WHAT YOU ARE ASKED TO DO
For this exercise, restate word for word only the lines from the one containing "国外的护士手捧鲜花开心的笑" through the last line below. Pictures do not get copied.

PROVIDED DATA
--------------------------------------------------
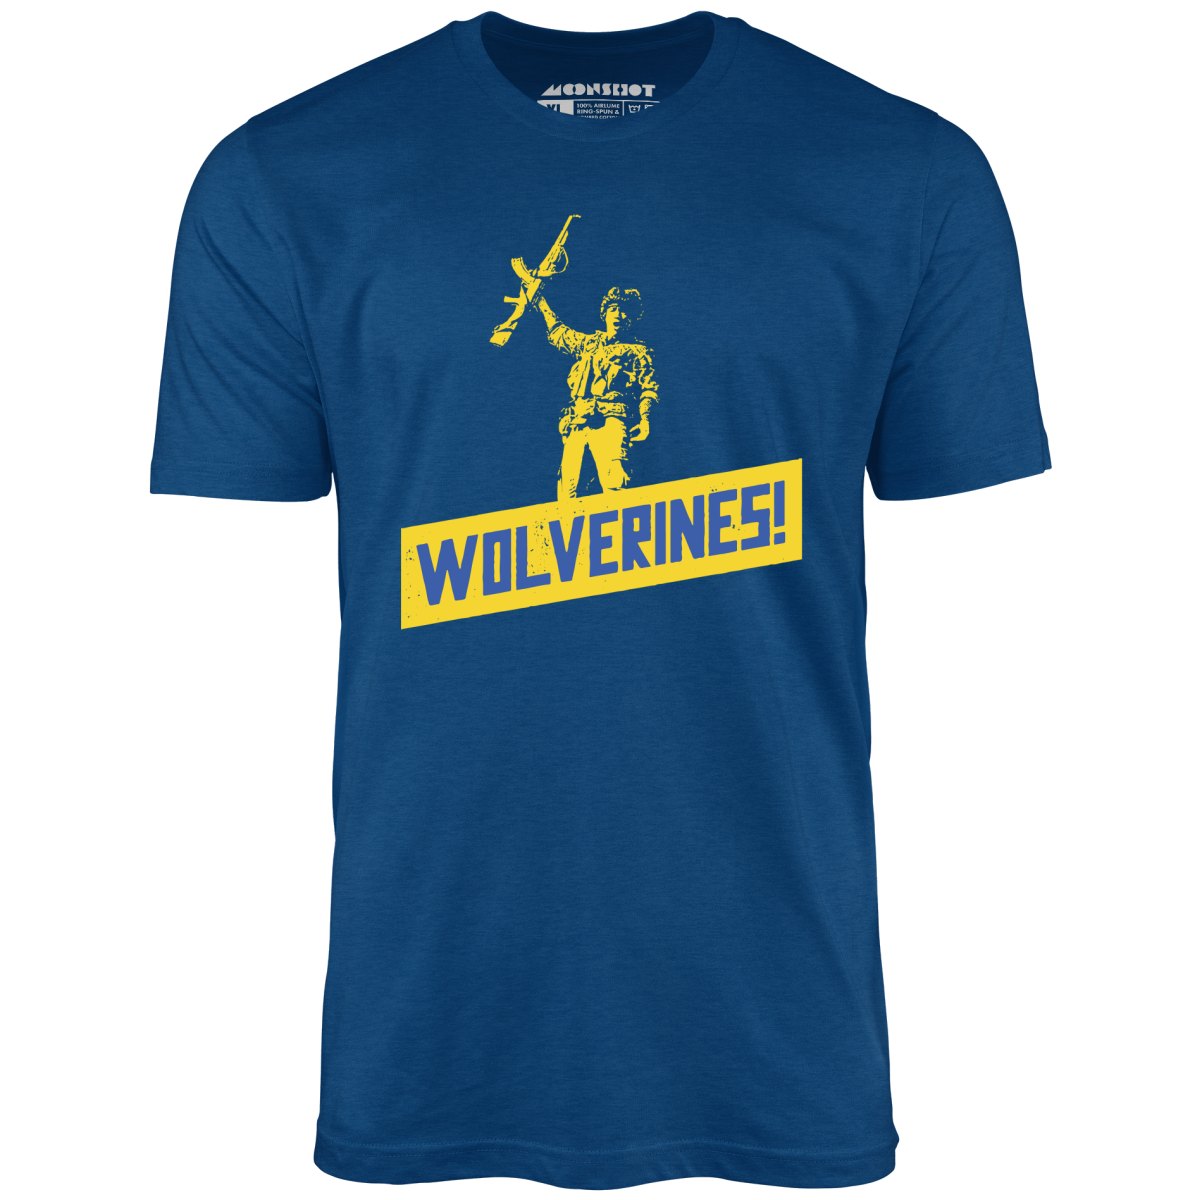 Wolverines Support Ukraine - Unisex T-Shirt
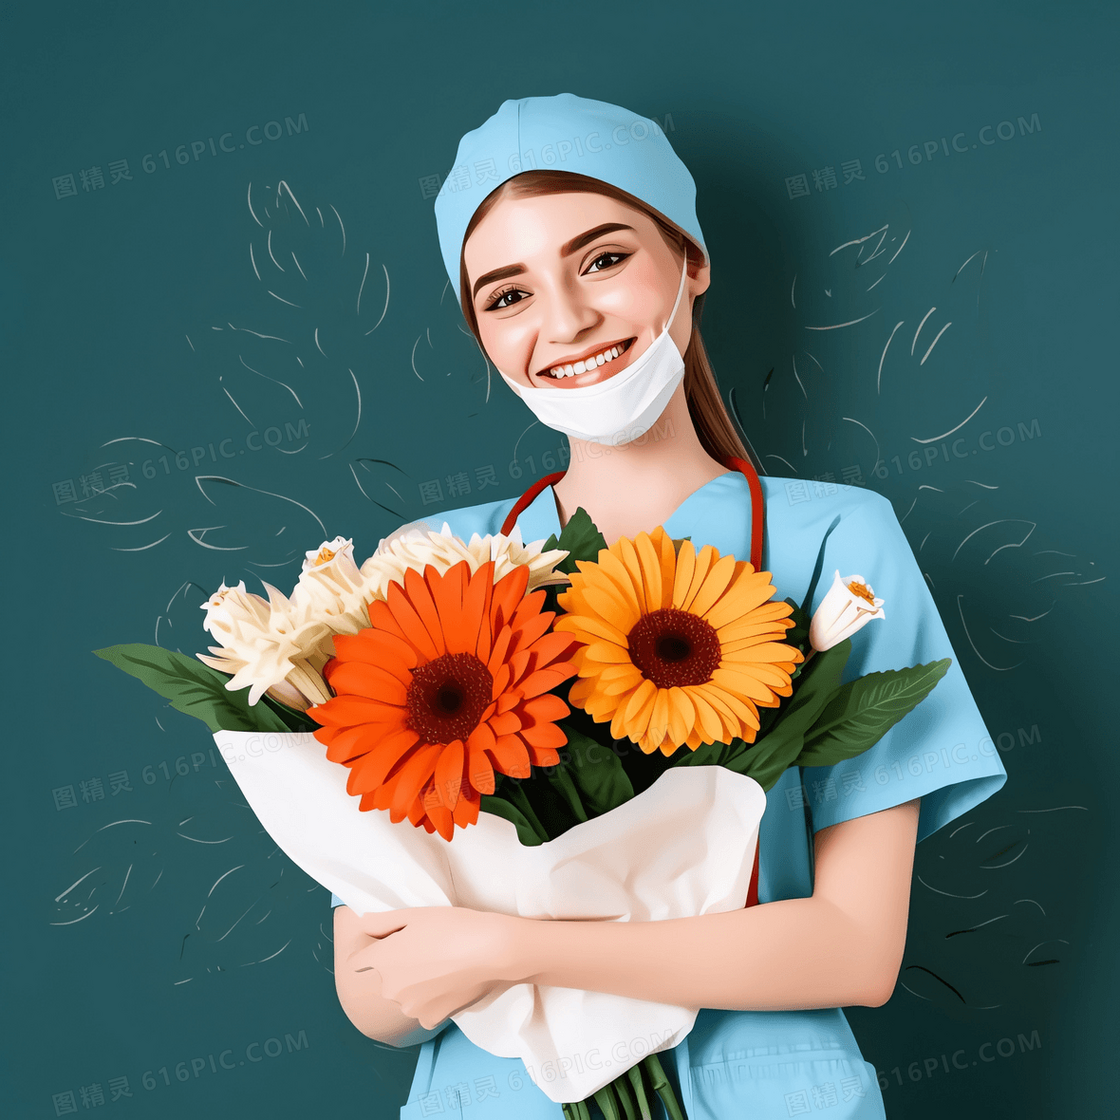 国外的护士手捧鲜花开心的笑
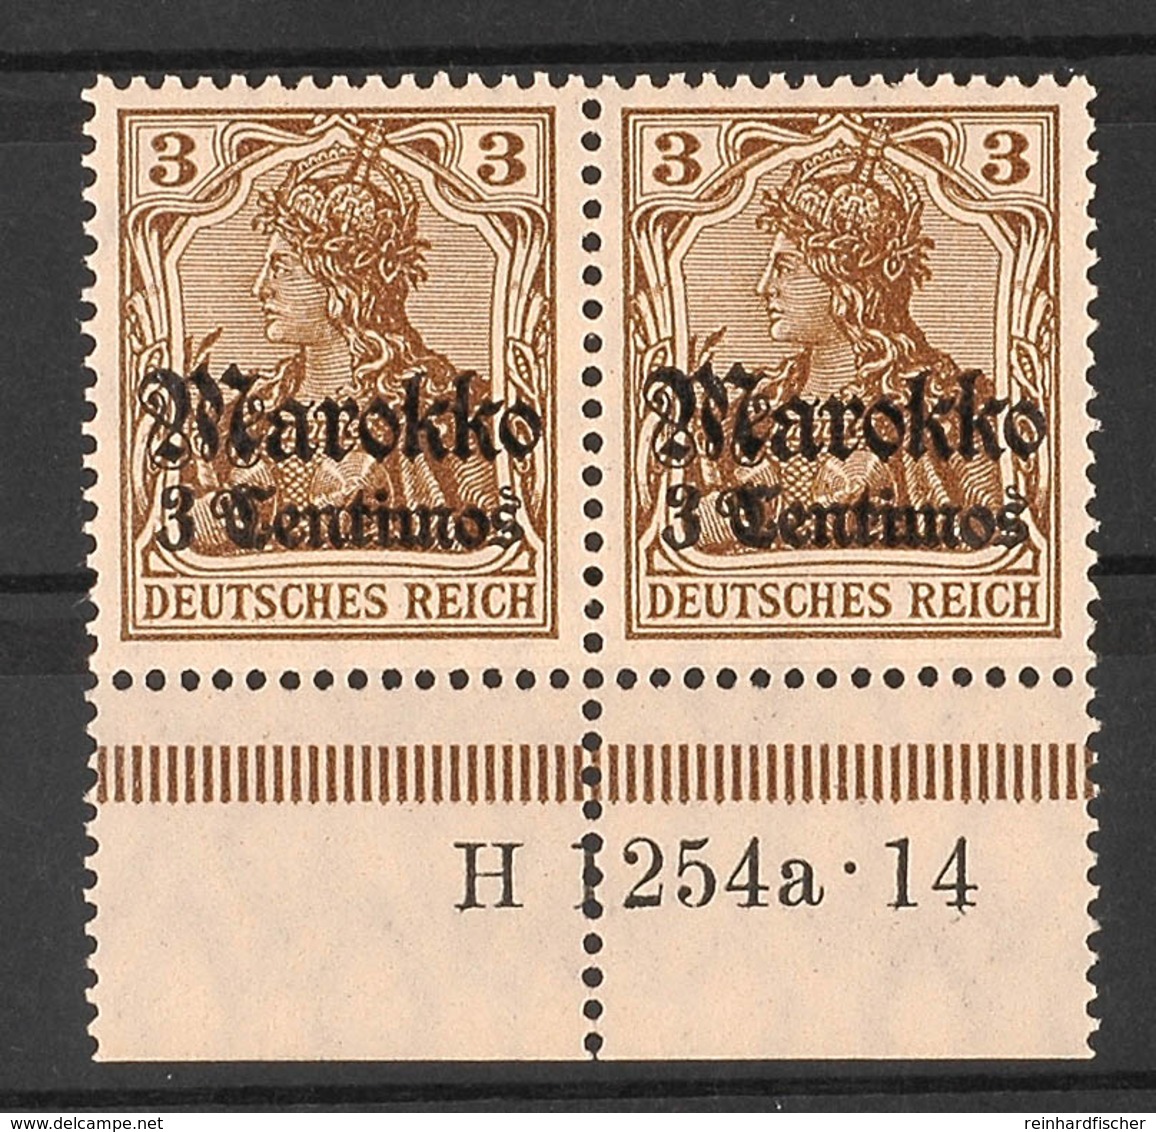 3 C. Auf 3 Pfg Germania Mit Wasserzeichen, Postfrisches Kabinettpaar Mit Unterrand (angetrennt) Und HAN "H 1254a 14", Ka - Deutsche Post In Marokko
--------------------------------------------------
WRITTEN SOLUTION
 国外的护士手捧鲜花开心的笑
 3 C. Auf 3 Pfg Germania Mit Wasserzeichen, Postfrisches Kabinettpaar Mit Unterrand (angetrennt) Und HAN "H 1254a 14", Ka - Deutsche Post In Marokko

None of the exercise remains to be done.